Therefore, the key question is: how can we ensure, as much as possible, that chips have as few or no bugs/design flaws as possible before tape-out and manufacturing? This is the direction I have been dedicated to researching over the past few years.
Also according to this research data, throughout the entire chip development process, especially with the current development of AI and various high-tech fields, chips are becoming increasingly complex. As a result, chip verification has become a very high proportion of the entire chip development cycle, even exceeding half, reaching 70% of the entire chip design cycle.
But unfortunately, chip verification is also a difficult task. I list some astronomical numbers here, such as the Earth's circumference, the possible number of stars in the Milky Way, or the length of a light-year.
In chip verification, there is also an astronomical number, which is the number of cycles needed to fully verify a CPU core. What exactly does this astronomical number represent?

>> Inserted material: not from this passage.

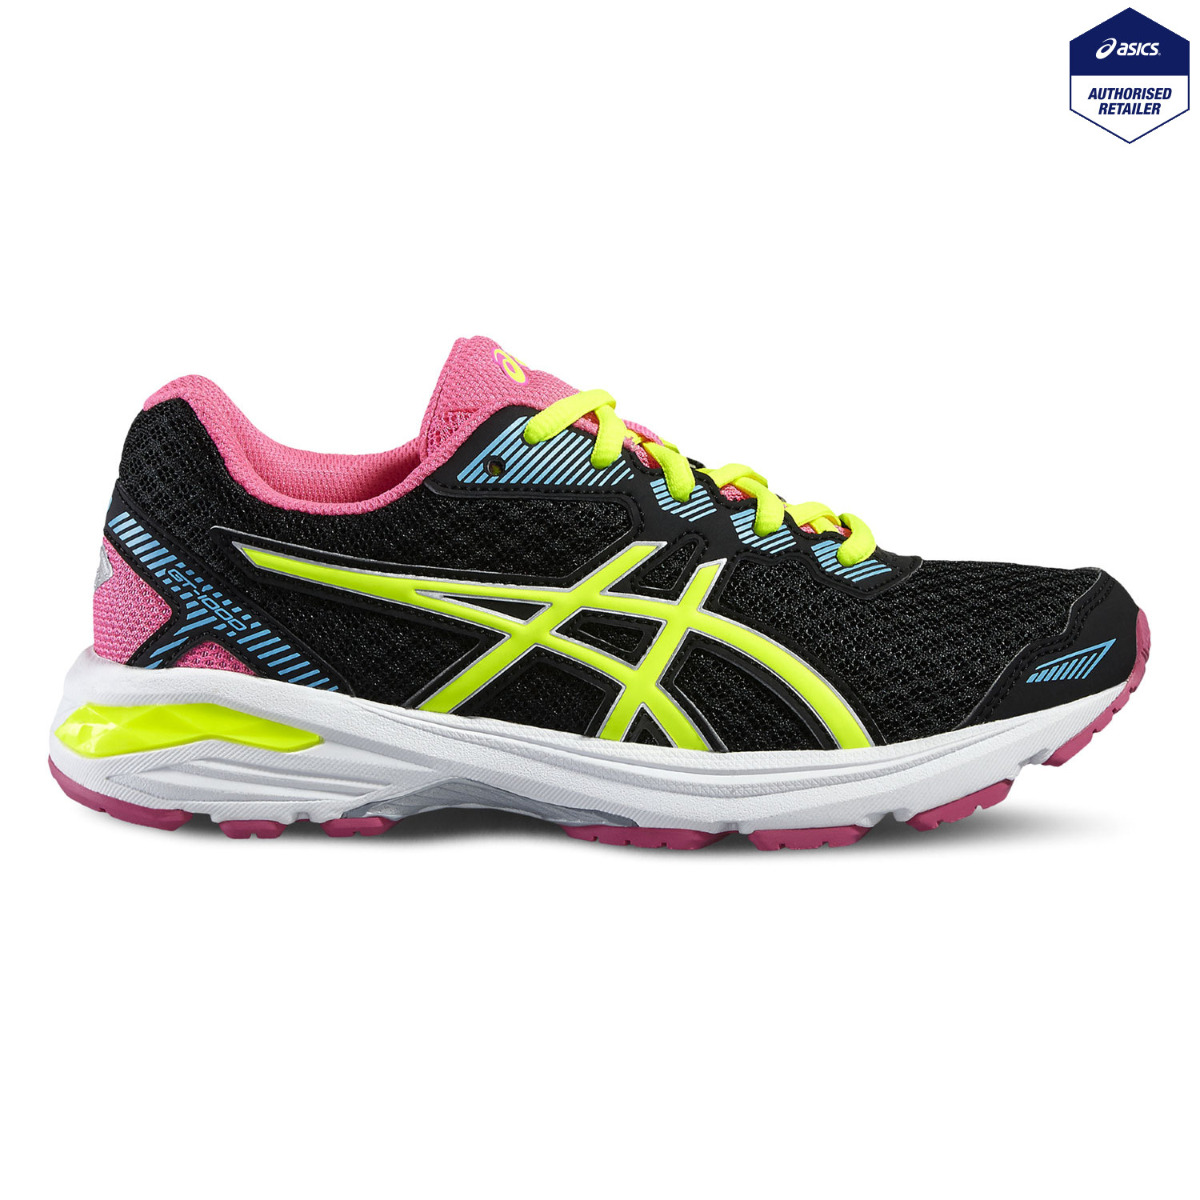 Asics Gel GT-1000 5 GS | Kids running shoes | mysport.lv
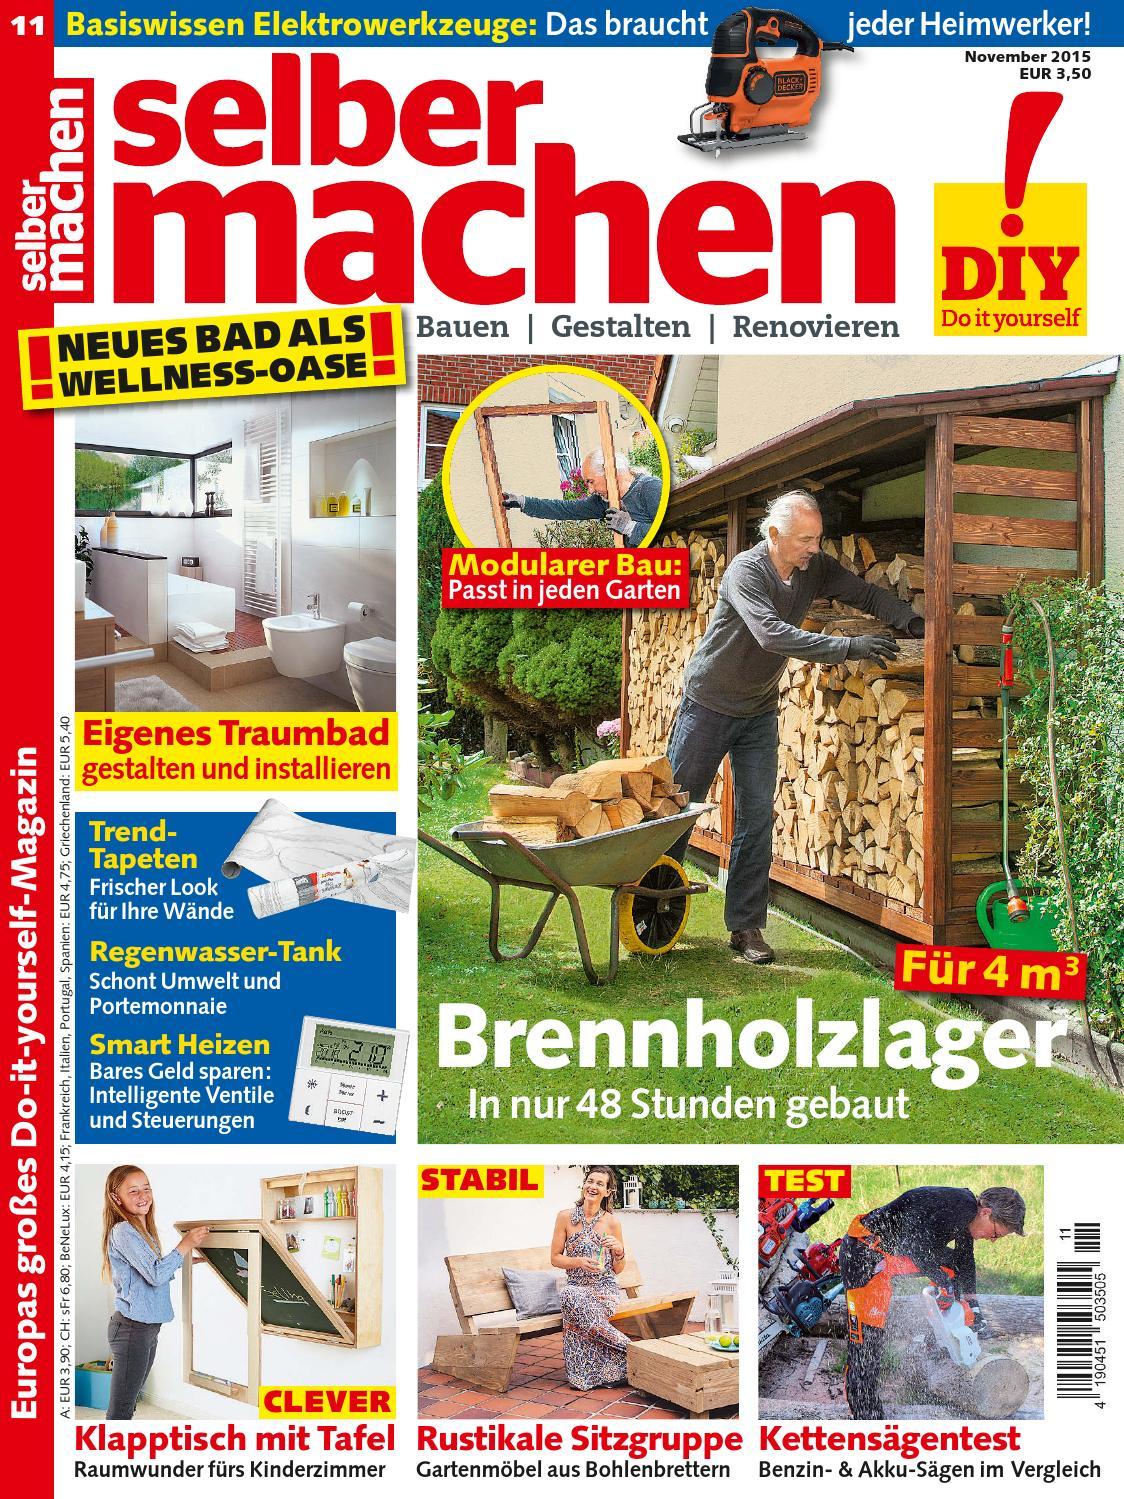 selber machen 2015 11 by b0mb3r issuu. Black Bedroom Furniture Sets. Home Design Ideas

If we use the most advanced software simulation technology available today to fully verify a CPU core, it would take at least 15,000 years. Using the most advanced hardware emulation technology can slightly reduce this time to 30 years. But we all know that developing a chip cannot wait 15,000 years, nor can it wait 30 years.
So, what is the essence of the problem? We have actually been researching this over the past few years. We found that in chip verification, there exists a so-called 'impossible triangle', namely the high performance of chip verification, good debugging capability, and low cost; these three factors crucial to chip verification cannot be satisfied simultaneously. For current mainstream research or methods, at most, two out of the three can be achieved, and this is the fundamental reason for the low efficiency of chip verification.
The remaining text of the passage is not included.